Hemoglobin and Perihematomal Edema After Intracerebral Hemorrhage: A Post Hoc Analysis of the i-DEF Trial
Alexandros A. Polymeris, Vasileios-Arsenios Lioutas, Sarah Marchina, David J. Seiffge, David J. Roh, Fernanda Carvalho Poyraz, Magdy H. Selim

TL;DR
This study explores the link between blood hemoglobin levels and brain swelling after intracerebral hemorrhage, suggesting a potential connection that needs further research.
Contribution
The study identifies a potential association between baseline hemoglobin levels and perihematomal edema after intracerebral hemorrhage.
Findings
Hemoglobin levels were weakly inversely correlated with baseline and follow-up edema extension distance.
Anemia was present in 15% of participants, but no strong correlation was found between hemoglobin and interscan edema change.

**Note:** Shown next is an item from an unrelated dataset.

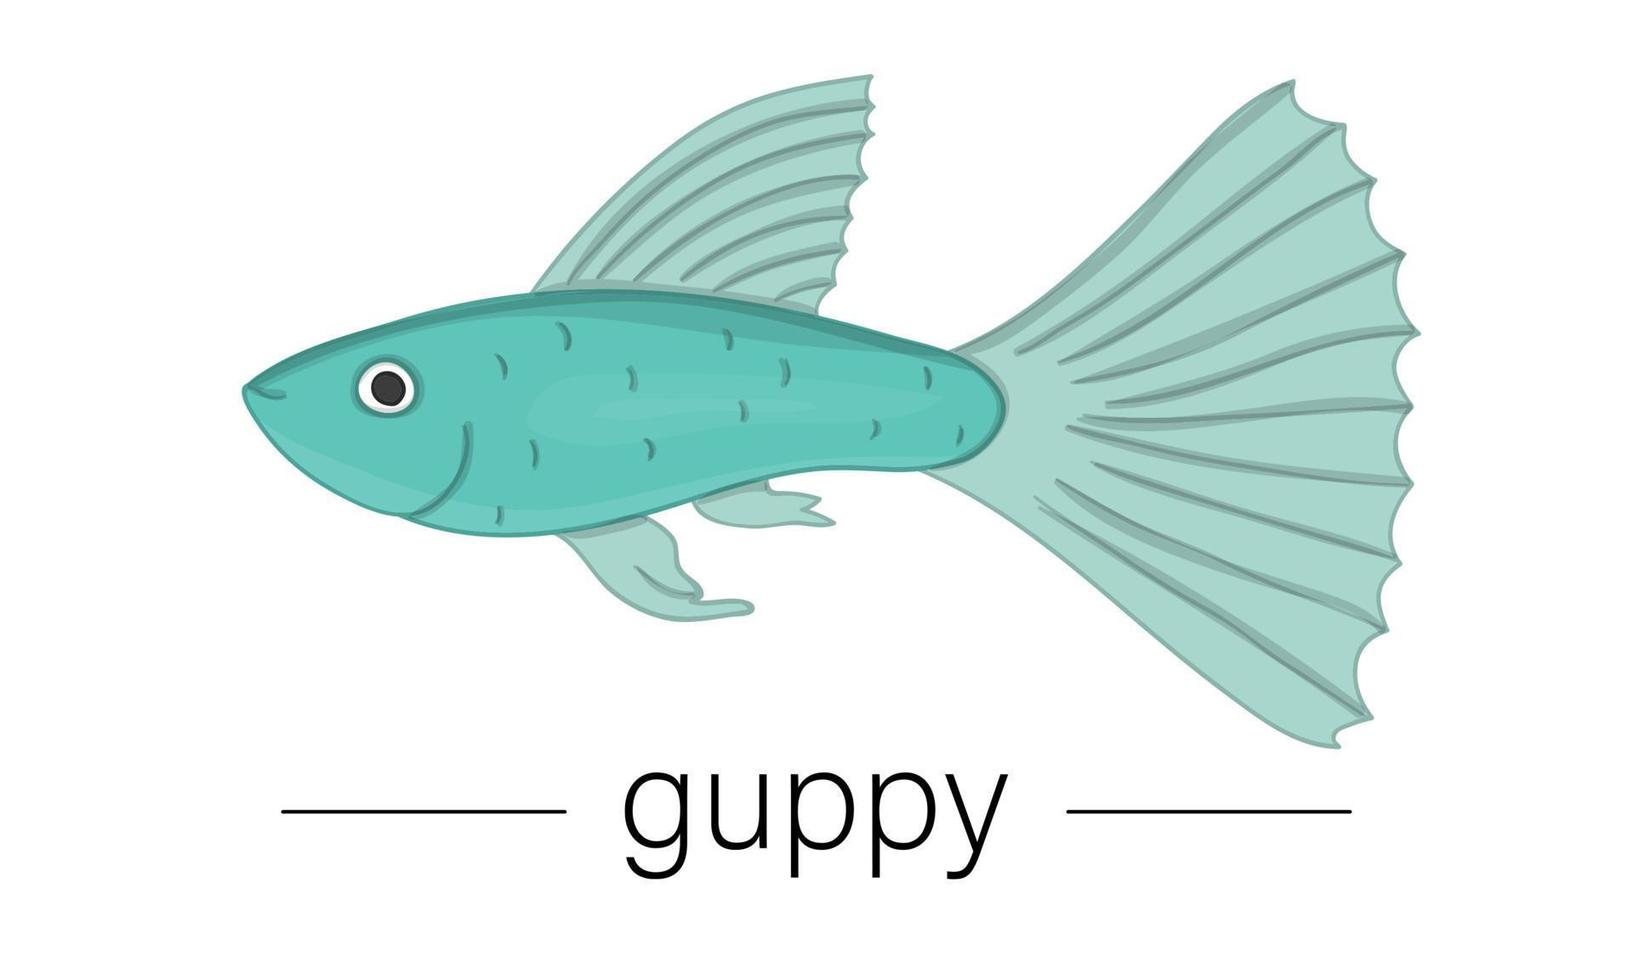 Vector colored illustration of aquarium fish. Cute picture of guppy for pet shops or children illustration
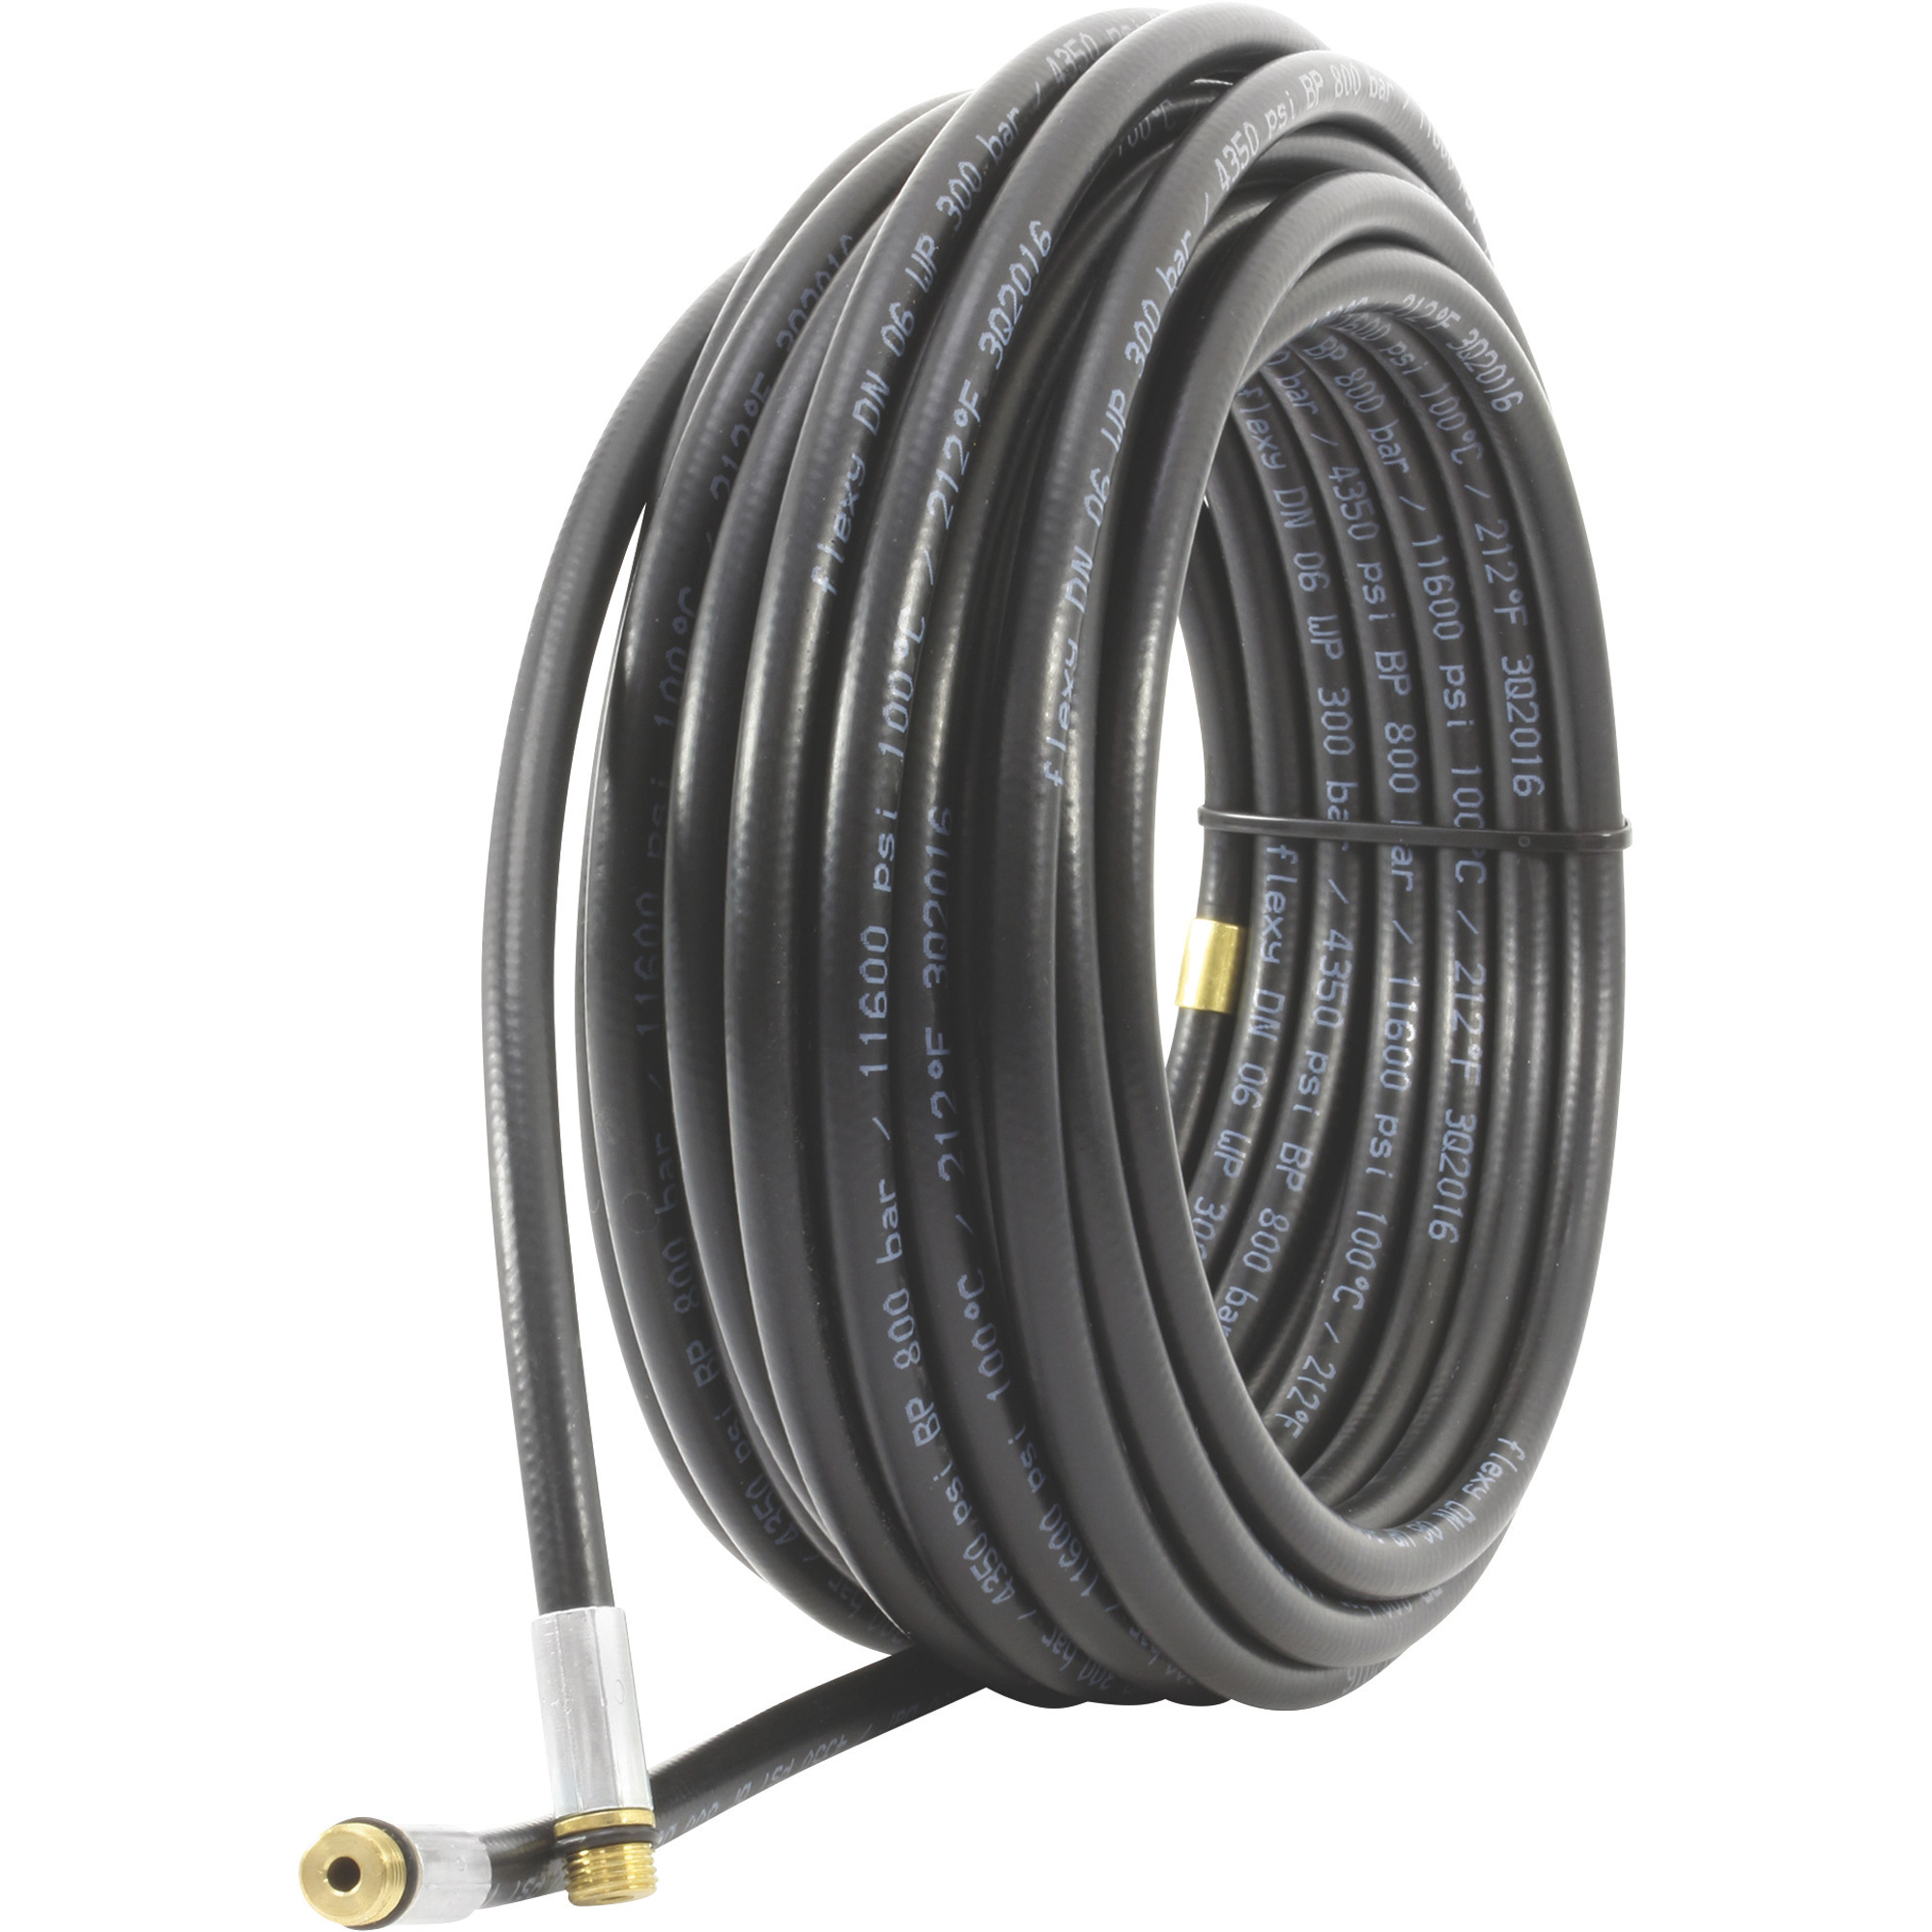 DTE Sewer Jetting Hose, 4500 PSI, 150ft. x 1/4Inch

Absolute and relative perihematomal edema showed no clear correlation with hemoglobin levels.
Abstract
Anemia is common after intracerebral hemorrhage (ICH). It has been attributed to inflammation and is associated with poor outcomes. We investigated whether this could be related to the effects of hemoglobin (Hb) on perihematomal edema (PHE). We performed an exploratory post hoc analysis of the Intracerebral Hemorrhage Deferoxamine (i-DEF) randomized controlled trial. We included participants with primary supratentorial ICH, available baseline Hb levels, and computed tomography scans at baseline and follow-up after 72–96 h. We investigated the association of Hb and anemia (as continuous and dichotomous exposures, respectively) with edema extension distance (EED) as the main continuous outcome at baseline and follow-up and as its interscan change using Spearman correlation and unadjusted and adjusted linear models. We examined absolute and relative PHE in ancillary analyses. We analyzed…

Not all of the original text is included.